How To Decrypt Ruby SSL Communications with Wireshark

Debugging a program that communicates with a remote endpoint usually involves analyzing the network communications. A common method is capturing the traffic using a packet analyzer tool such as tcpdump or Wireshark. However, this process can be tricky when the communication is encrypted. Our team, responsible for the Trustwave network vulnerability scanning system, regularly encounters this situation - especially when scanning systems we don't control (mostly those of customers).

In this blog post, I will explain how to decrypt SSL/TLS communications to allow for the analysis of that traffic with Wireshark. I will focus on Ruby and the binding for OpenSSL. Please note that the topic of this post is not methods for breaking crypto-systems. Instead, it's about how to retrieve key material for decryption.

Decryption using Wireshark

Wireshark is one of the more famous packet analyzers out there, and it's capable of decrypting SSL/TLS communications. All it needs is the Master Key used in encrypting the data.

Here is a high level explanation of how Wireshark can retrieve this key:

  1. First, Wireshark checks whether any cached session matches the Session ID or the Session Ticket from the Server Hello handshake message. If so, it retrieves the Master Key from the cached session.
  2. If the key exchange algorithm is PSK, you can setup the path to the clear text Pre-Shared Key that was used during the key exchange. Wireshark will use it to calculate the Master Key.
  3. If the key exchange algorithm is RSA, you can provide the server Private Key (in PEM format) that was used for encryption during the key exchange step. Wireshark will try to decrypt the encrypted Pre-Master Key, which is retrieved from the Client Key Exchange handshake message. If successful, it uses the decrypted Pre-Master Key to calculate the Master Key.
  4. Finally, you can provide a key log file that contains a list of Master Keys and/or Pre-Master Keys (used to calculate the Master Key - the same way explained above).
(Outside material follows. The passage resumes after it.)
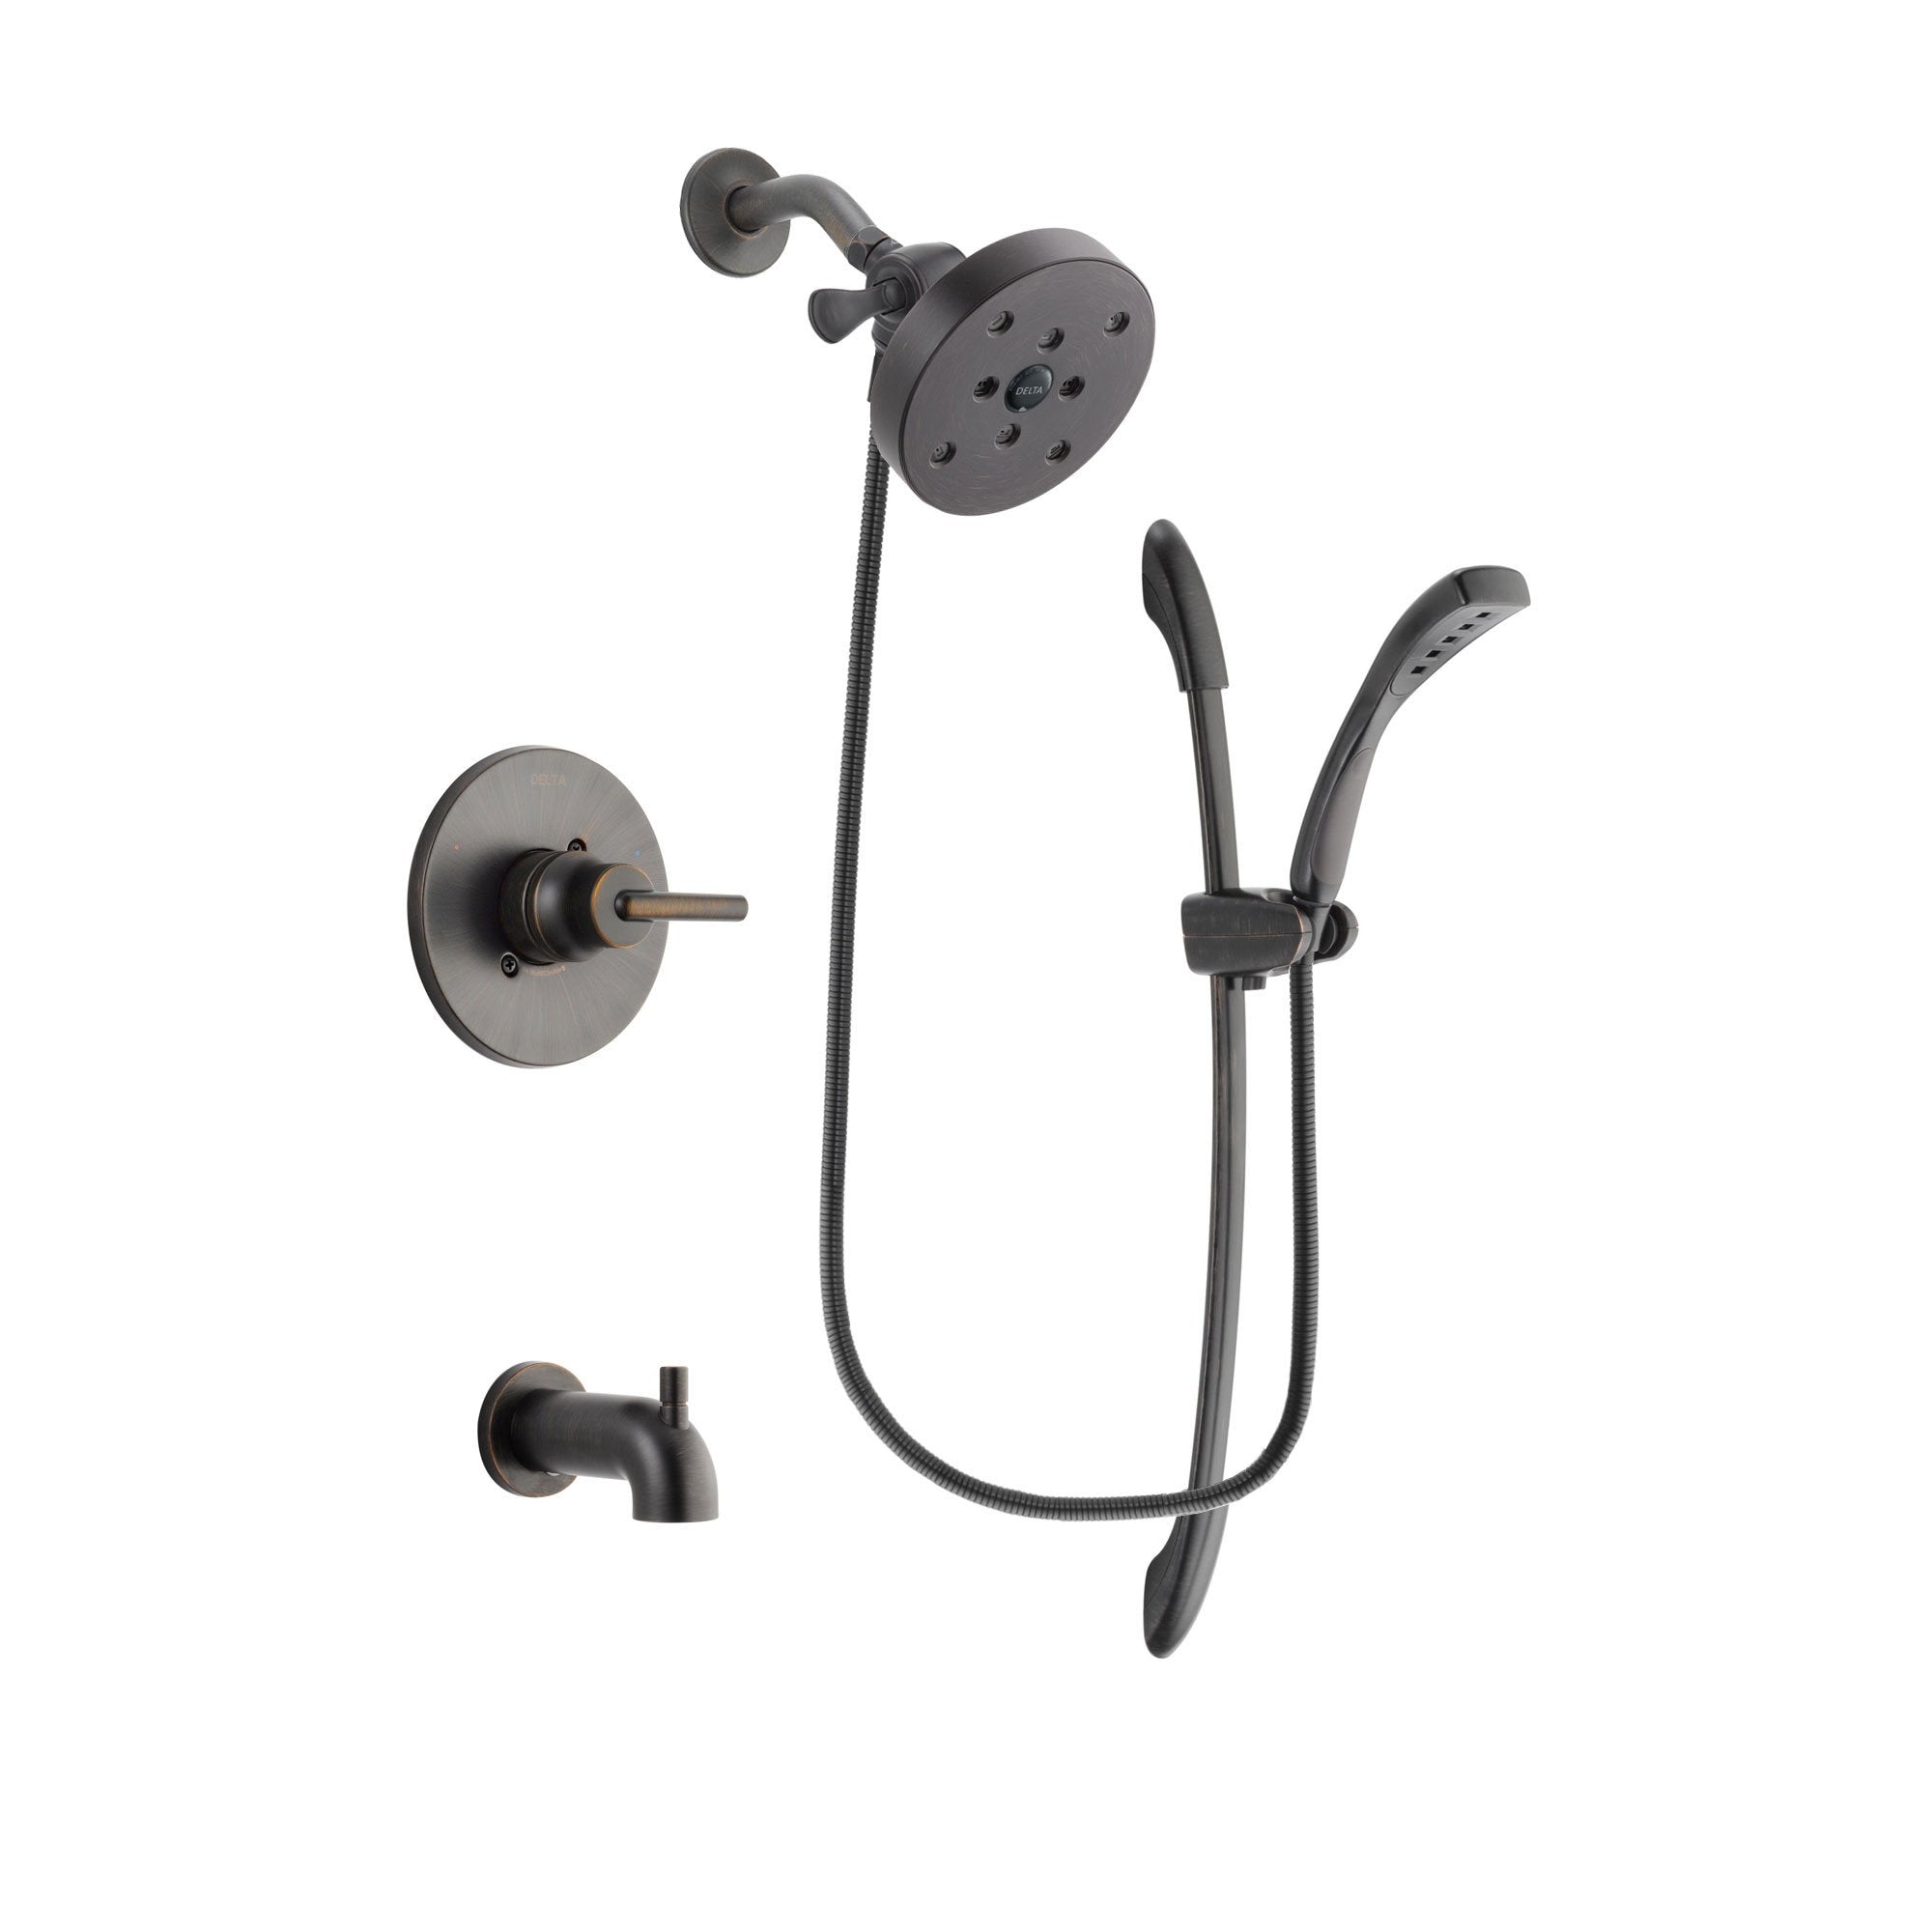 Delta Trinsic Venetian Bronze Finish Tub and Shower Faucet System Package with 5-1/2 inch Showerhead and 1-Spray Handshower with Slide Bar Includes Rough-in Valve and Tub Spout DSP2483V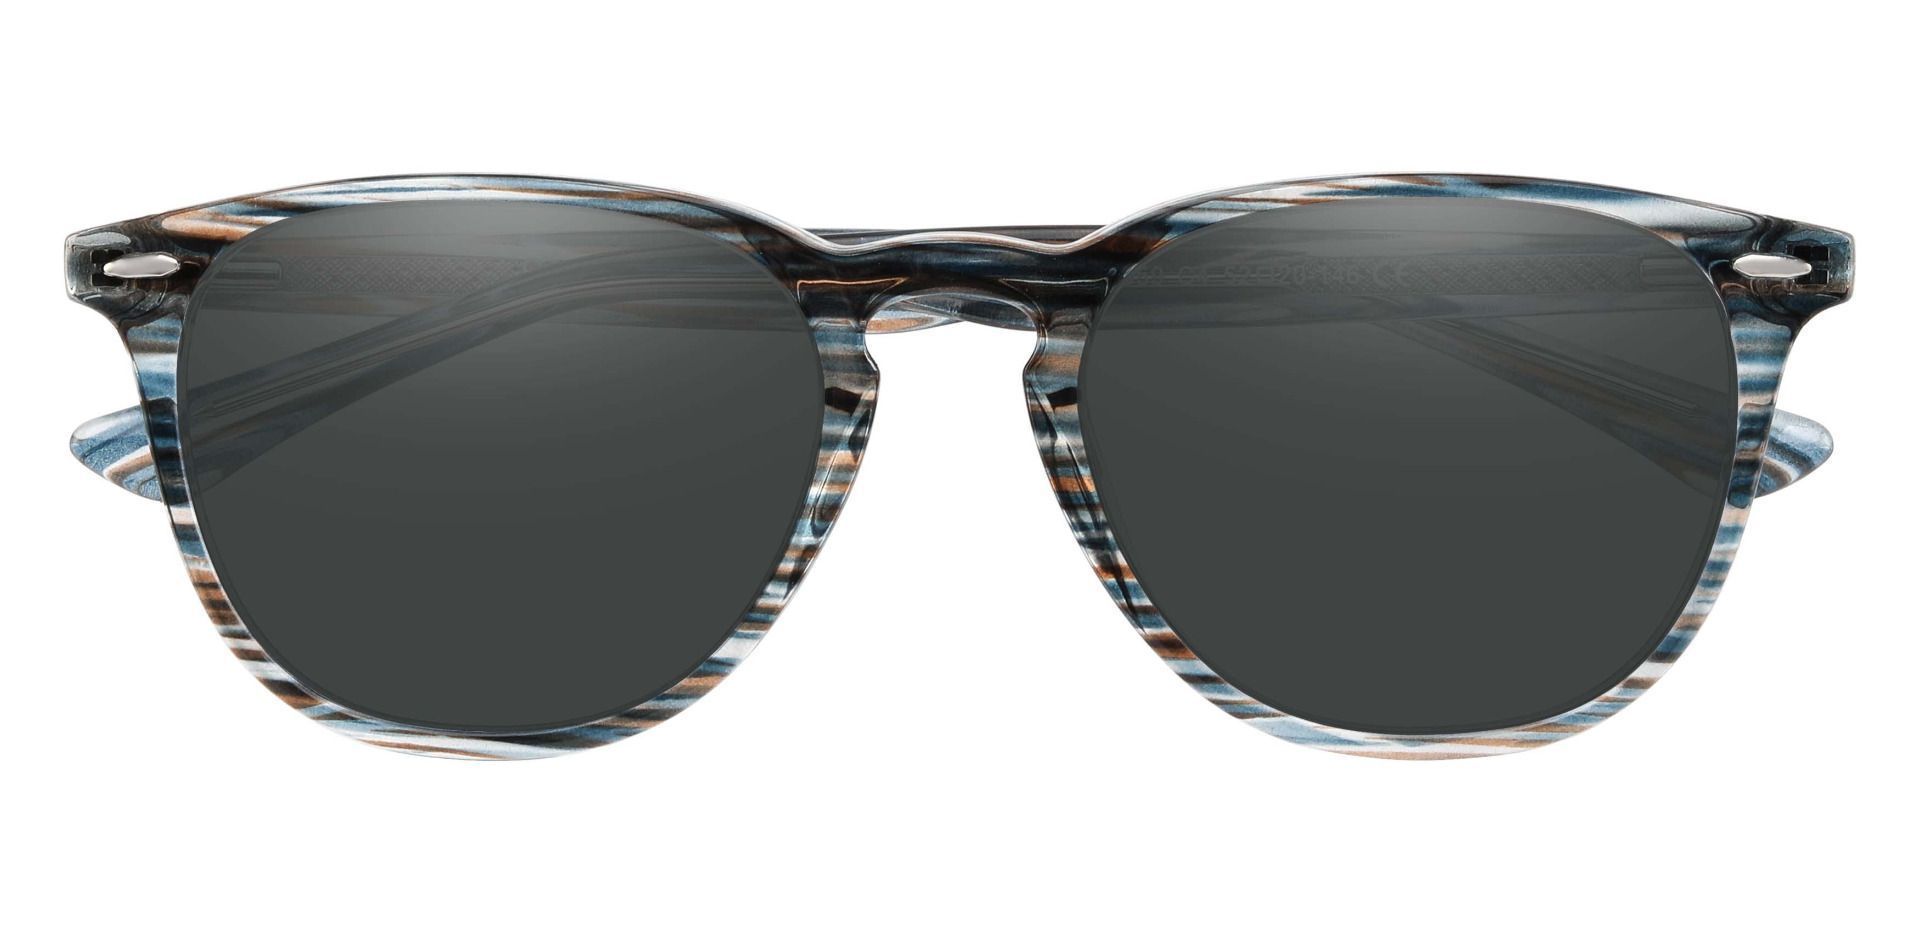 Sycamore Oval Lined Bifocal Sunglasses - Blue Frame With Gray Lenses

Only step four is relevant in our case. Step one is mostly an internal Wireshark process and only possible if a previous session with the correct key material has been cached. This isn't relevant to our objective. We want to decrypt new SSL sessions. Steps two and three are limited to PSK and RSA key-exchange algorithms, which also require keys from the remote server (hard to capture in the context of vulnerability scanning).

The key log file

Without going deeper in the cryptographic process, Wireshark can decrypt the SSL communication using the Master Key exchanged during the handshake. Since a network capture (pcap) will likely contain many SSL sessions, it needs to be able to map the key with the corresponding SSL traffic. To do so, it provides a unique identifier for each key you put in the key log file. Each time a new SSL session begins, Wireshark will review the key log file entries to look for the identifier corresponding to the current session. If the identifier is found, it retrieves the corresponding key and decrypts the whole session.

The general format is "<id> <key>". Here is the definition from Wireshark source code documentation:

  1. "RSA xxxx yyyy": Where xxxx are the first eight bytes of the encrypted Pre-Master Secret (hex-encoded) and yyyy is the cleartext Pre-Master Secret (hex-encoded).
  2. "RSA Session-ID:xxxx Master-Key:yyyy": Where xxxx is the SSL session ID (hex-encoded) and yyyy is the cleartext Master Secret (hex-encoded).
  3. "CLIENT_RANDOM xxxx yyyy": Where xxxx is the Client Random from the ClientHello (hex-encoded) and yyyy is the cleartext Master Secret (hex-encoded).

For the first item, you need to provide the first eight bytes of the encrypted Pre-Master Secret, which will serve as an identifier.

In that case, Wireshark will do the following: extract the encrypted Pre-Master Secret from the Client Key Exchange handshake message in the pcap, look for the first eight bytes in the key log file, retrieve the plain text Pre-Master Secret and finally calculate the Master Key. The only issue with this method is it doesn't work with the Diffie-Hellman (DH) key exchange algorithm because the Pre-Master Secret is not kept anywhere.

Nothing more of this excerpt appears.